Passing Time or Filling Time?

The difference between passing time and filling minutes has been something I have come to grips with this year.

I've truly found that Fatherhood has taught me to fill each minute with memories and reasons to smile, rather than to wile away the time waiting for the sparsely distributed events of the year.

My Mother never used to ask me, "What did you learn at school today?" when I was a child. Instead she would ask, "What made you smile today?" And if I answered, "Nothing," or "I don't know" then she would tell me, "Adam, then you've wasted your minutes."

I've picked up that habit of asking my little boy questions like that. He looks at me with the same blank stare I am sure that I looked at my Mother with when I was his age.

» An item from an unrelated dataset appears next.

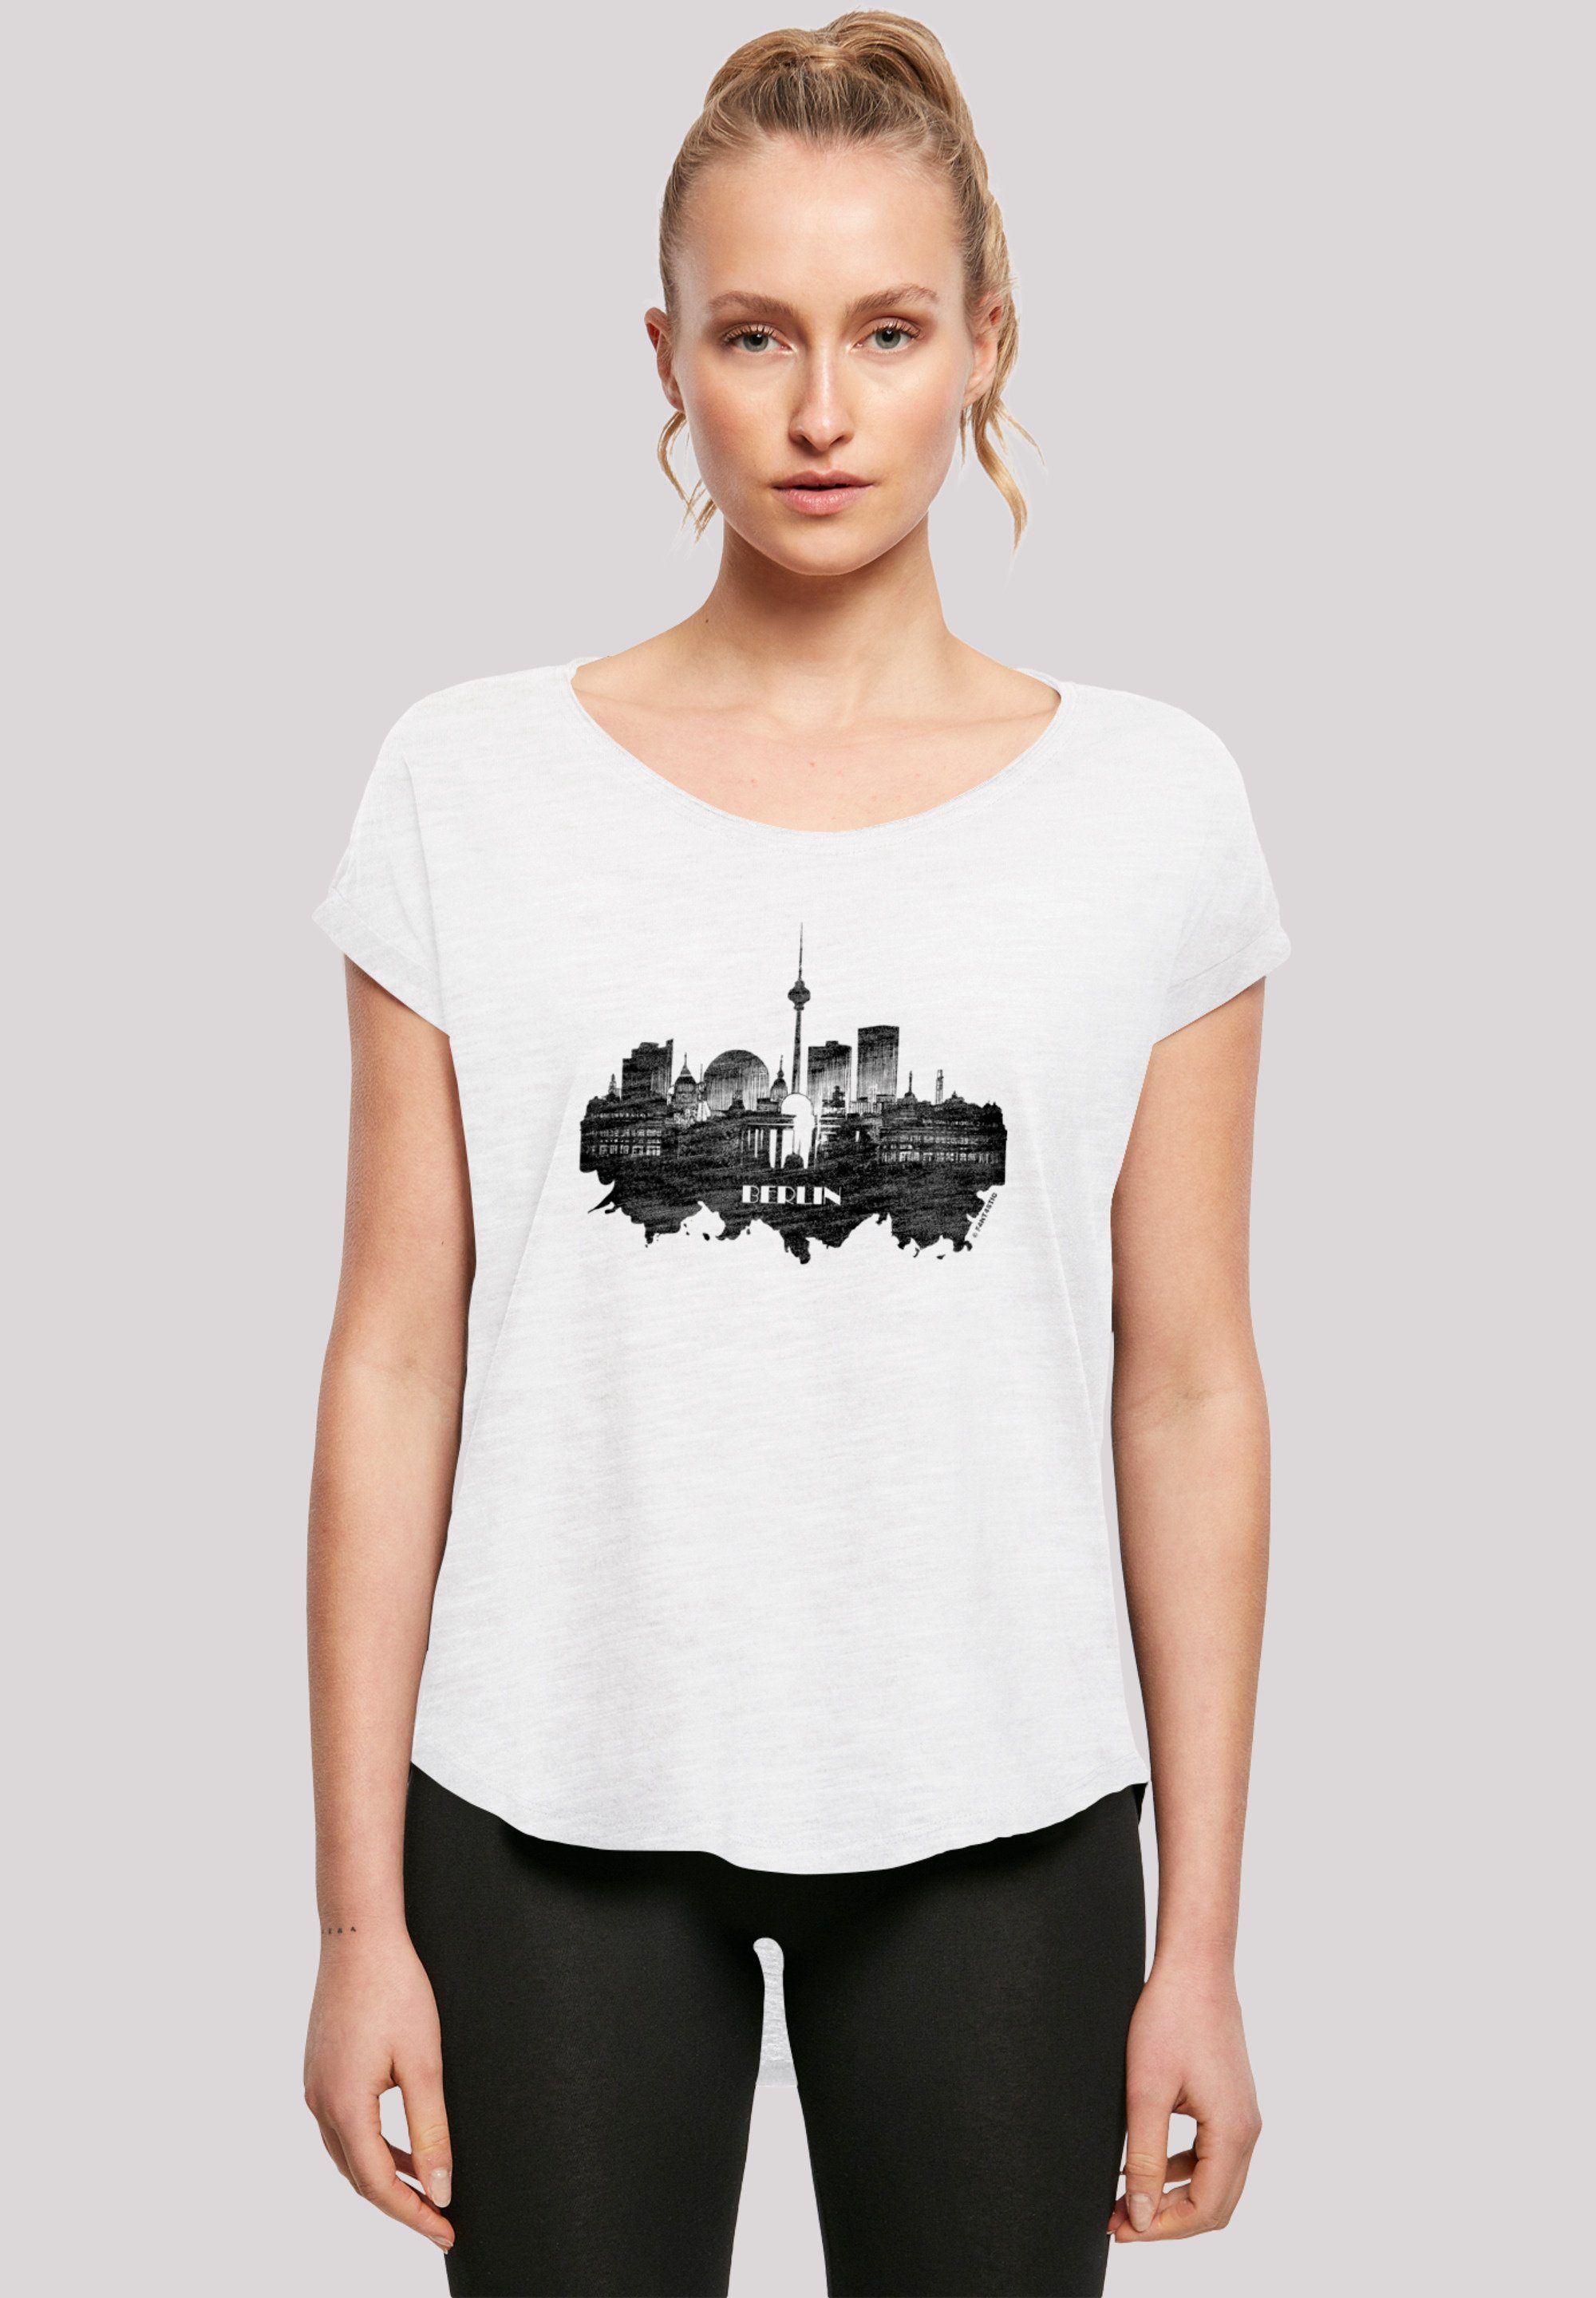 T-Shirt Berlin Print, lang F4NT4STIC - extra skyline Damen T-Shirt geschnittenes Cities Collection Hinten

Another habit I have picked up is the "ego box." My Mother used to take all the nice things people said about myself and my sister and write them on individual pieces of paper. We had a box each in which she would put these bits of paper. It could be snippets from school reports or something that a family friend had said. And on bad days or days (like we all have) where we had a downer on ourselves or were not feeling so sure of ourselves, she used to hand us the boxes and tell us "take a compliment." We'd then read them out loud. She had me do that until I was 19 or so.... I never understood the value of it until I was in my teens.

I do the same with my son now. Sometimes we all need reminding of the nicer things people think about us....

But I digress. I suppose 2010 has been entirely transitional for me in many ways. I have, though, thanks to my beautiful little boy and my stunning fiancee, learnt how to stop passing time and to start filling it instead.

Life's a gift :)

1 comment:

Sunflower said...

That "ego box" was a very cool thing your mom did. My parents were much quicker to criticise than praise and until now I still occasionally struggle with the secret fear that I'm a failure -- despite all the evidence to the contrary. I almost envy you this aspect of your childhood.